Animal psychology methods- methods of studying animal behavior, including experiment And observation. Observations of the natural behavior of animals in their habitats are supplemented by the study of their attitude to various objects, partly specially selected by the experimenter, which are sometimes presented to the experimental animal in artificially created situations; forms are analyzed manipulation these items.

Materialistic animal psychology proceeds in its scientific research from the fact that the basis and source of mental reflection in animals is their behavior
(according to A.N. Leontiev, behavior is the source of knowledge about the psyche), “animal practice.”
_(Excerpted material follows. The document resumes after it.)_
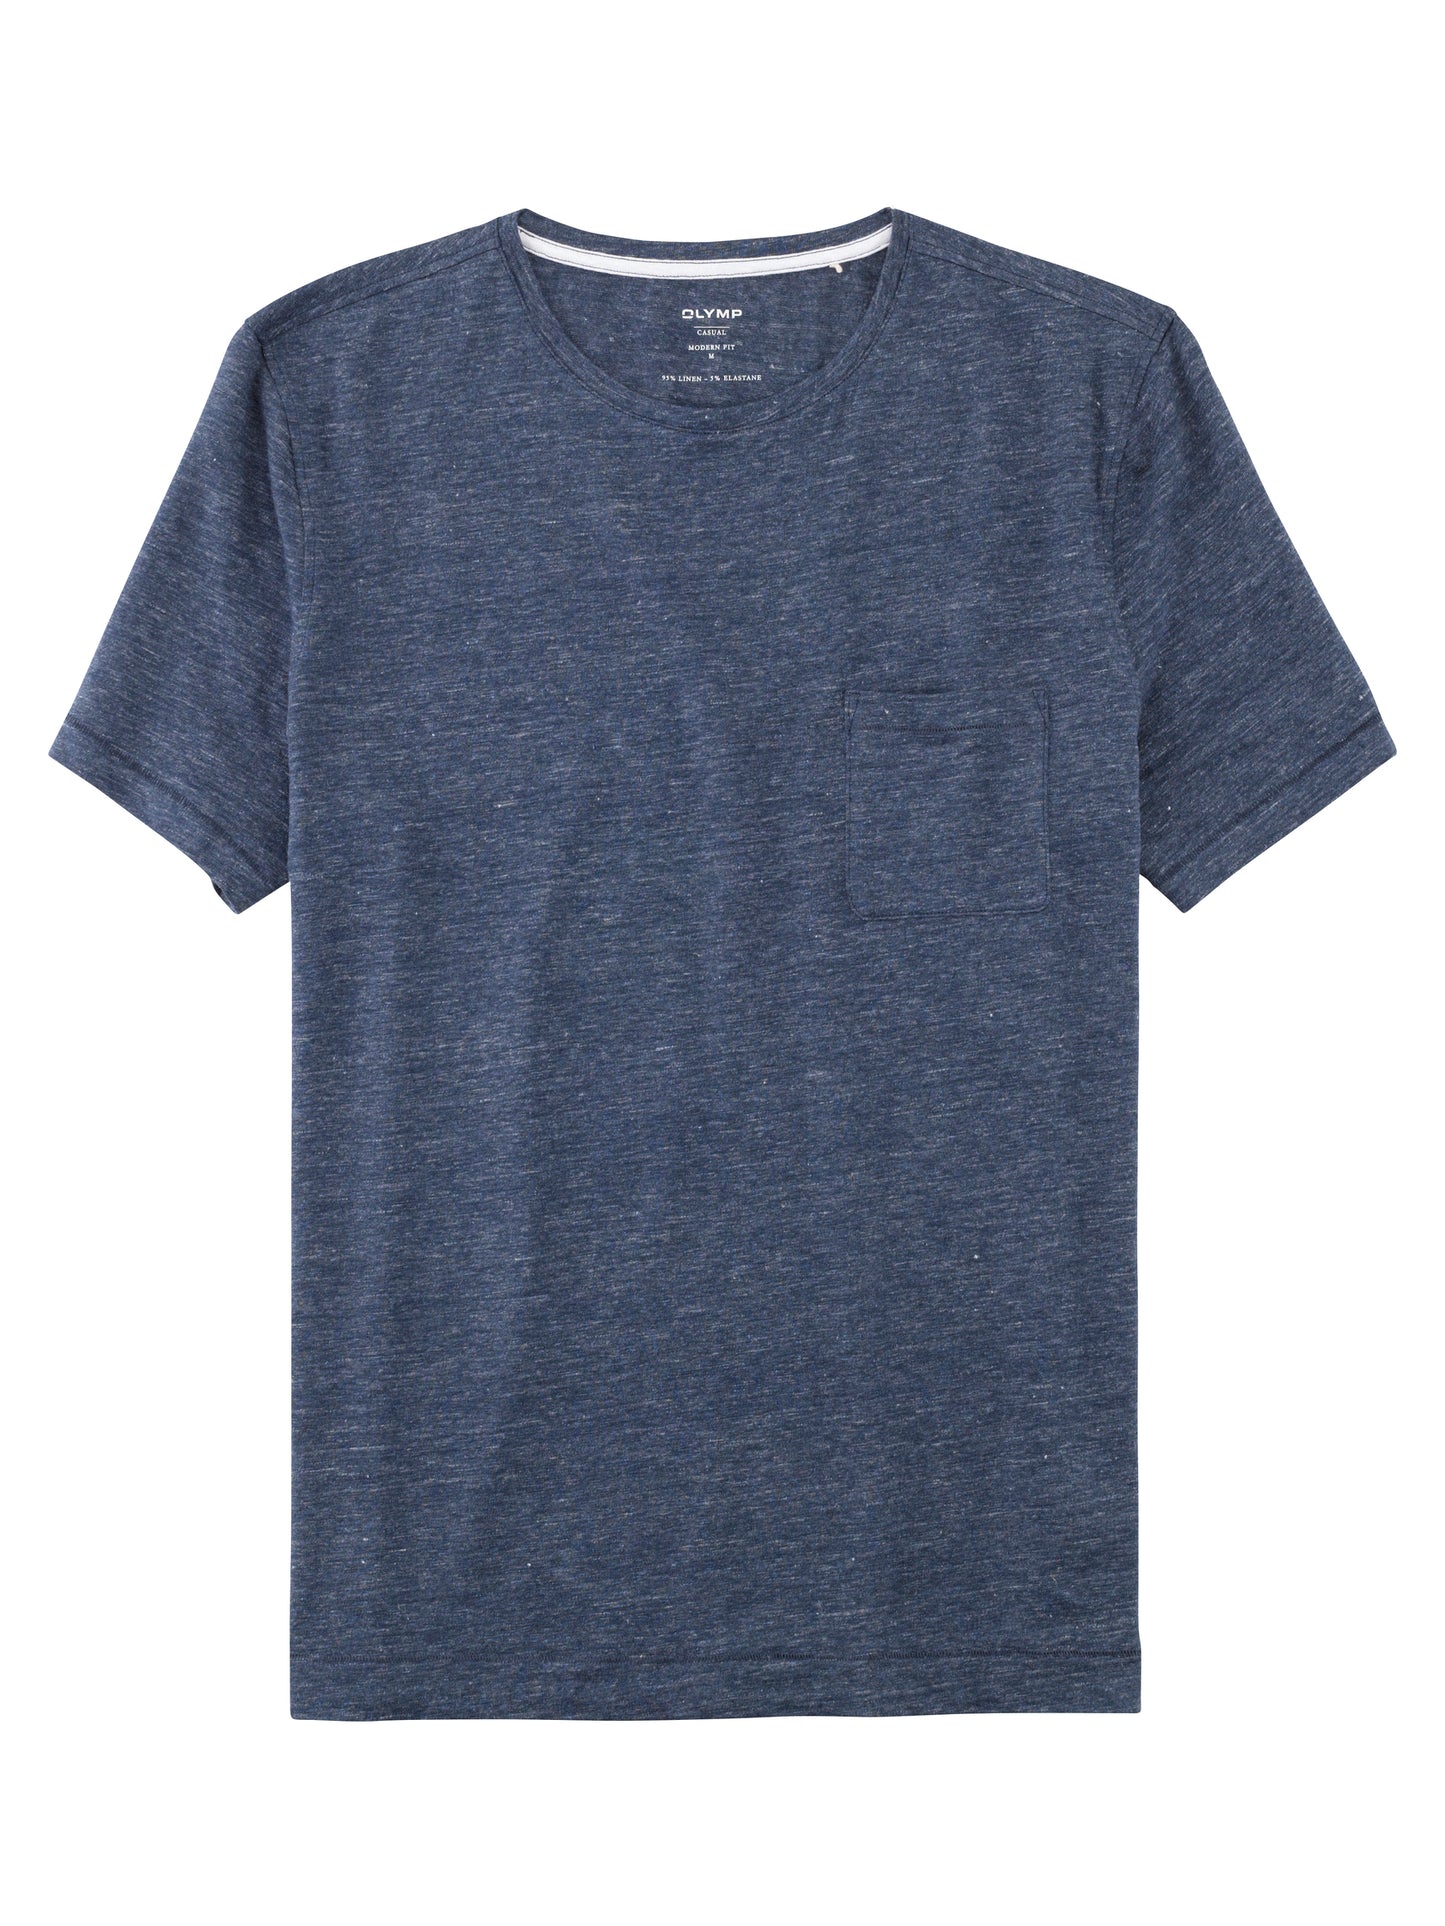 OLYMP Casual T-Shirt

Example 1. Moving along the obstacle, the rat in its movements resembles the objective metric of the environment. Through this the reflection of the environment occurs. A new, unfamiliar place (square field) has a negative meaning. The animal “freezes” (freezing). The degree of his activity (urination, defecation) determines his emotionality. Based on how the behavior of a rat changes in an open field, conclusions can be drawn about how it reflects the environment. The rat moves slowly, crawling, feeling the walls with its whiskers. One round is enough to reflect the field. If at a certain place (A) the animal making the first circle is frightened, the rat will return to the beginning of the circle. If she is already familiar with the area, she will run forward along the wall (or, taking a shortcut, through the middle). We can conclude what exactly the animal reflected.

Example 2. New objects are placed in the center of the floor the rat has already explored. The animal feels them with whiskers: by touching the surface, the rat determines its character. She grabs soft objects with her teeth and bites hard ones. Then he turns the object and gnaws it. By the nature of the actions one can determine how it reflects the subject. If it is a wire that makes a sound when it falls, the rat again performs the action that caused the sound. Having learned to roll a pebble, the rat shows that it has reflected its ability to roll.

Research occupies an important place in animal psychology manipulative activity animals - impact on the environment with the help of limbs. Through their actions, animals reflect the properties of the objects they study.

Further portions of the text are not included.